I Have a Confession to Make...

I love Tammy Faye Messner.

You might remember her better as Tammy Faye Bakker, the mascara-laden wife of erstwhile televangelist Jimmy Bakker, who made Tammy Faye cry, famously, when he was caught with his pants down and his hand in the cookie jar.

Even though her husband, and many of their PTL associates, seemed like insincere rabble, just out for the last dimes in the handbags of little old ladies, Tammy always struck me as the genuine article—a woman who was filled with boundless faith and love. She also seemed like someone with whom I’d really enjoy sitting and having a long conversation, diametrically different as we are, because she was interesting and thoughtful, and most of all, very funny.

During college, every afternoon, Mr. Furious and I settled in to watch the Jm J and Tammy Faye Show—a talk show so bizarre that it seemed itself to be a parody of a Saturday Night Live talk show parody. The guests were incidental; it was all about Jm J and Tammy Faye, who were the oddest couple, well, ever, and whoever was inspired to suggest the flamingly gay Jm J as foil for the former preacher’s wife Tammy Faye was a genius. (Tammy Faye was given 12 people to choose from, and chose Jm.) They were giddy, silly, hilarious—and interestingly, remain good friends to this day.

Tammy Faye proved herself to be the genuine article after all, ignoring the increasingly vitriolic anti-gay noise from much of the evangelical community, and becoming an out-spoken gay rights advocate, even penning a gay youth advice column, raising awareness about the disproportionate incidences of teen suicide among gay teens, criticizing the church for not welcoming gays, and celebrating pride festivities with her new legions of gay fans. Tammy Faye had been a drag icon for years (it’s all about the make-up!), but her activism wasn’t motivated by a realization there was a community she could cynically exploit for a comeback; instead she was moved by a desire to make sure that desperate gay teens knew they were loved, too. Even if their churches, their friends, or even their parents didn’t…she did.

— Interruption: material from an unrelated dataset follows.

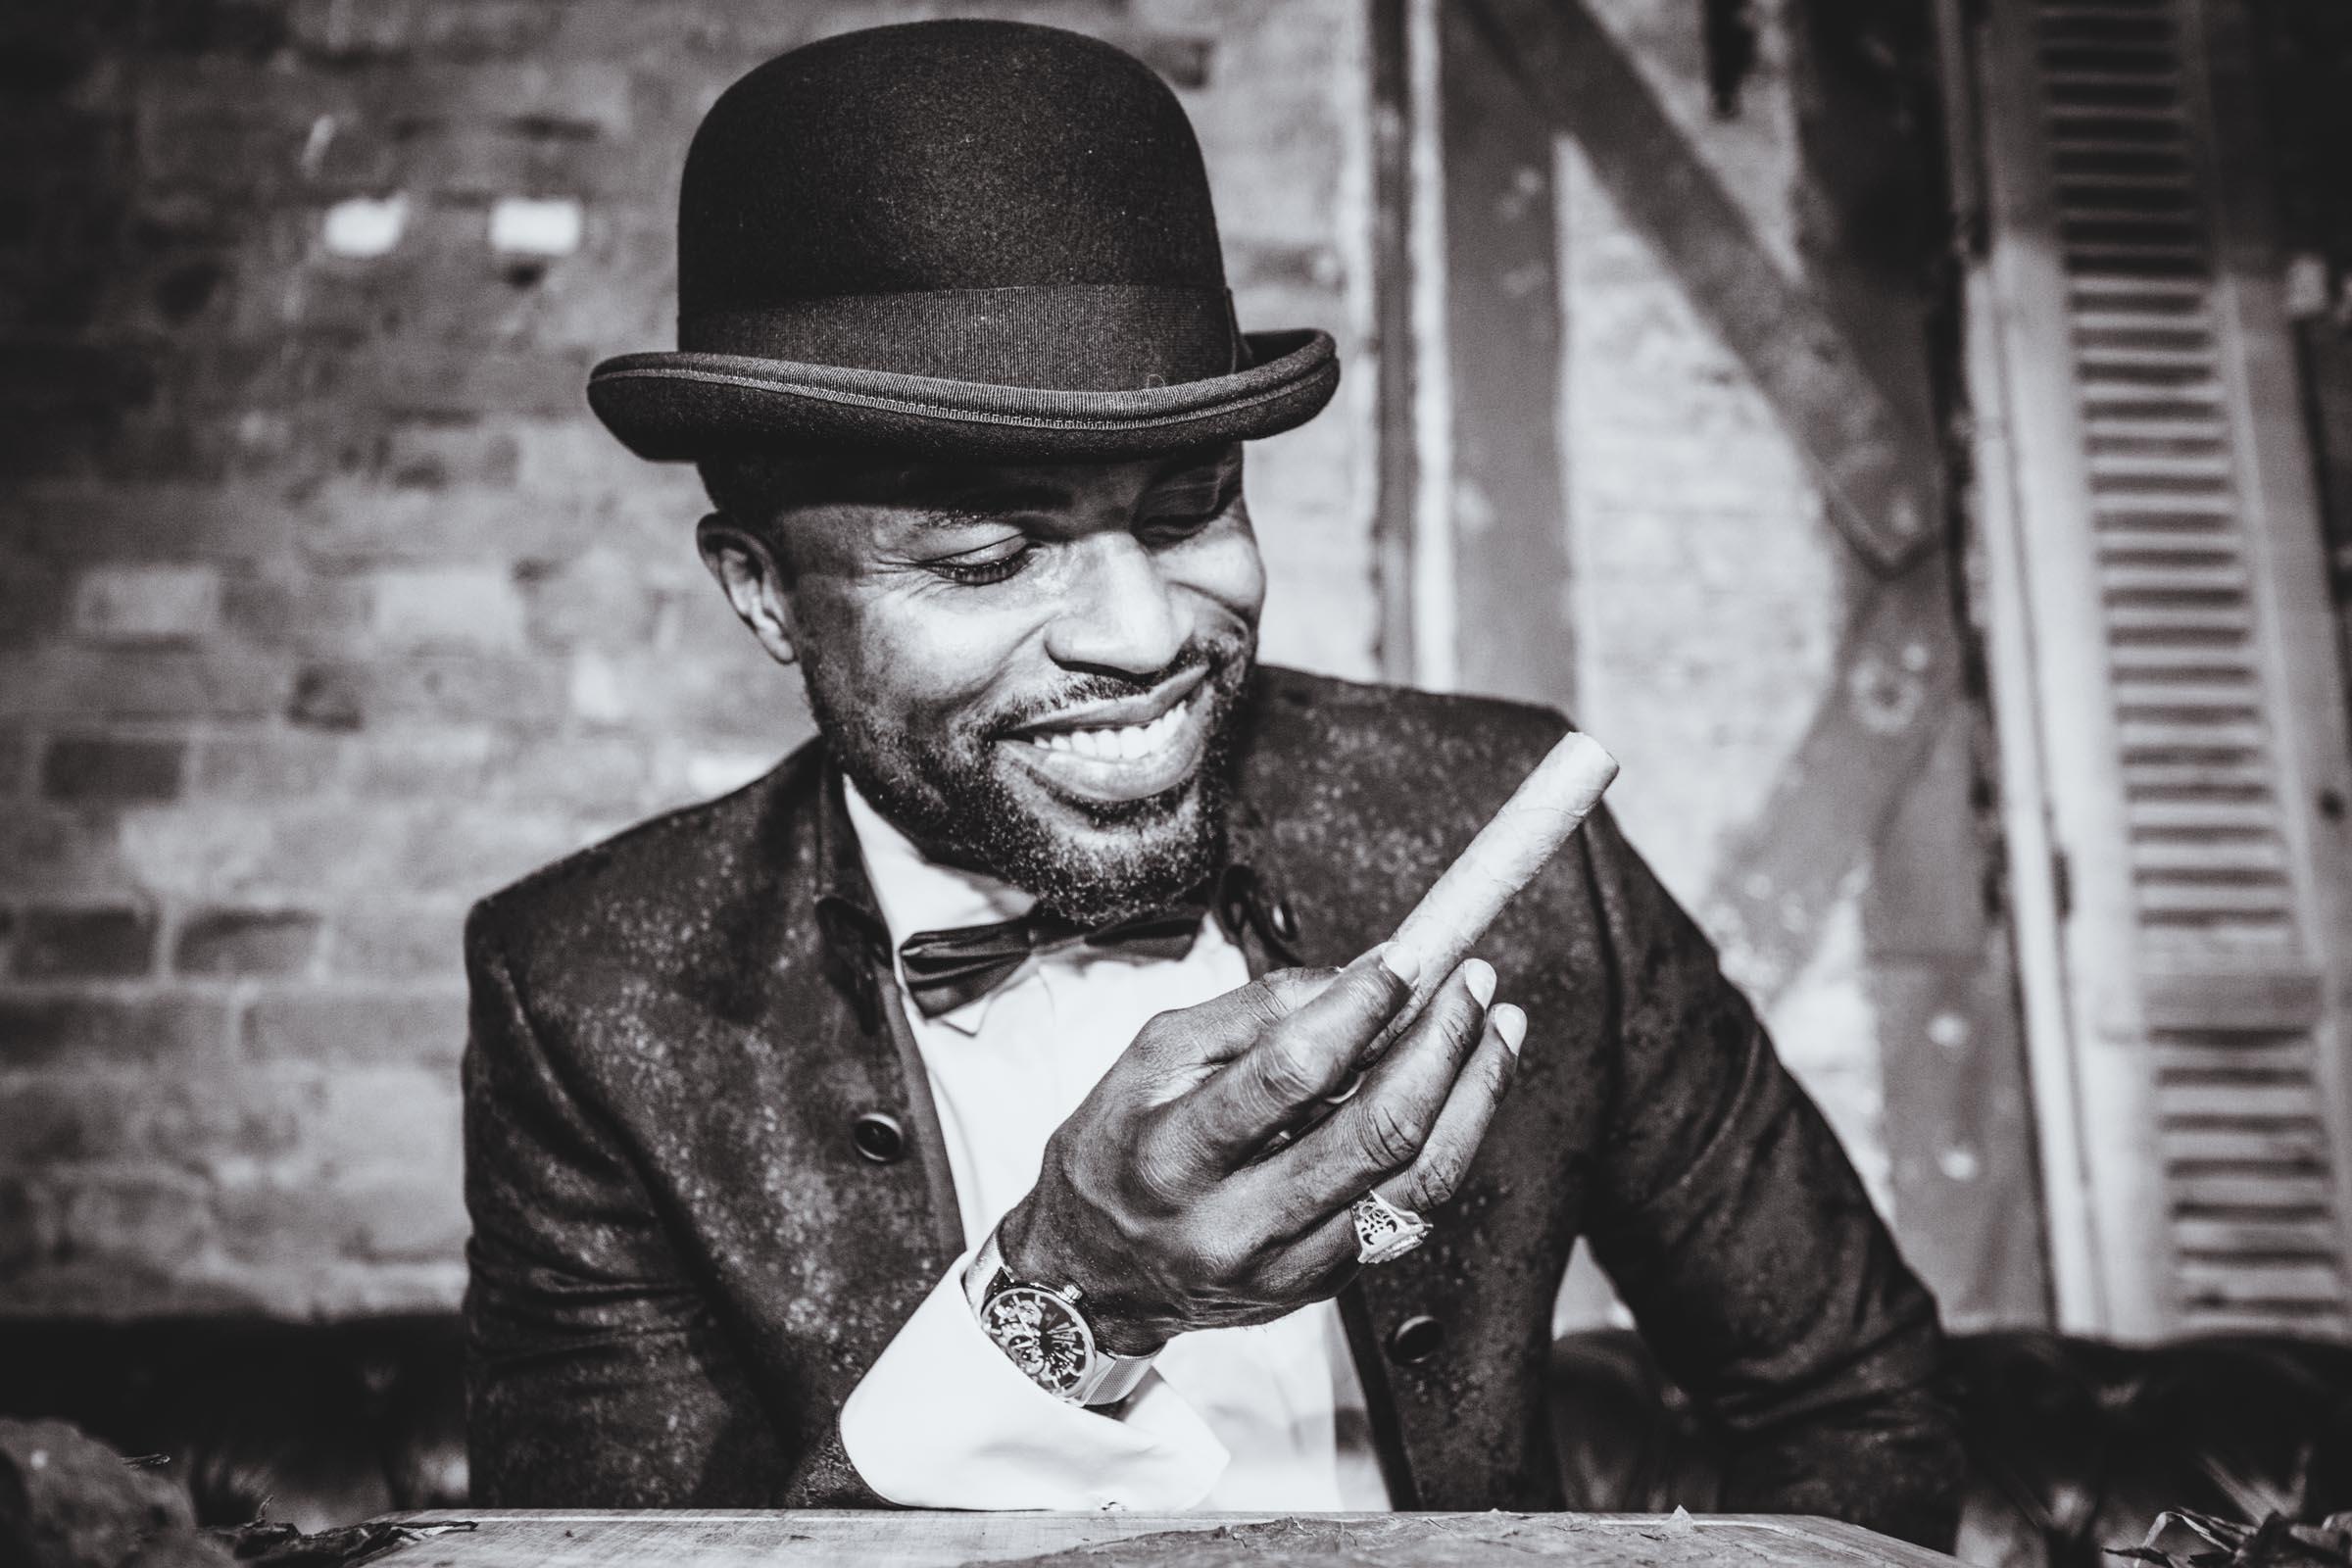 Zigarrenroller - Zigarrendreher | Tabakmanufaktur | Event | Gala | Business |Buchen | Mieten | Anfragen

Bakker told the teens it is appalling that gay teens are twice as likely to commit suicide as heterosexual youths.

''When I read that, my heart almost broke,'' she said, adding that a 19-year-old relative committed suicide just recently. ''Suicide is not the way out,'' said Bakker. ''Life is precious, and you want to live, live, live.''

She said she has drawn on the hardships and criticism she has faced in the past, from battling cancer to fighting critics' questions about her makeup and intelligence. And, she offered this advice: ''Not everyone is going to like you, not everyone is going to agree with you ... but always remember, no matter what, you have a right to be you,'' she said. ''Your `I will' is more important than your IQ.''
In recent years, Tammy Faye has been the subject of a great documentary, The Eyes of Tammy Faye, chronicling her rise and fall as a televangelist with then-husband Jim Bakker, a season of The Surreal Life (which I didn’t watch), and a very recent documentary, Tammy Faye: Death Defying, which premiered on WE: Women’s Entertainment on July 25 and followed her battle with inoperable, stage 4 cancer—a project she signed onto because, "I felt with cancer and AIDS and these debilitating diseases, we could maybe show the inside (of the experience) and make it a little less frightening." She went into remission, but has now announced she’s battling the cancer once again, for the third time.

I’m not a praying person, but I think good thoughts for Tammy Faye, and I hope she gets through this latest trial, like she has so many others. I like the world better with a character like Tammy Faye in it, and all the love and hope and inspiration she brings to it. And I don’t care what anyone says—I’ll always love those eyelashes.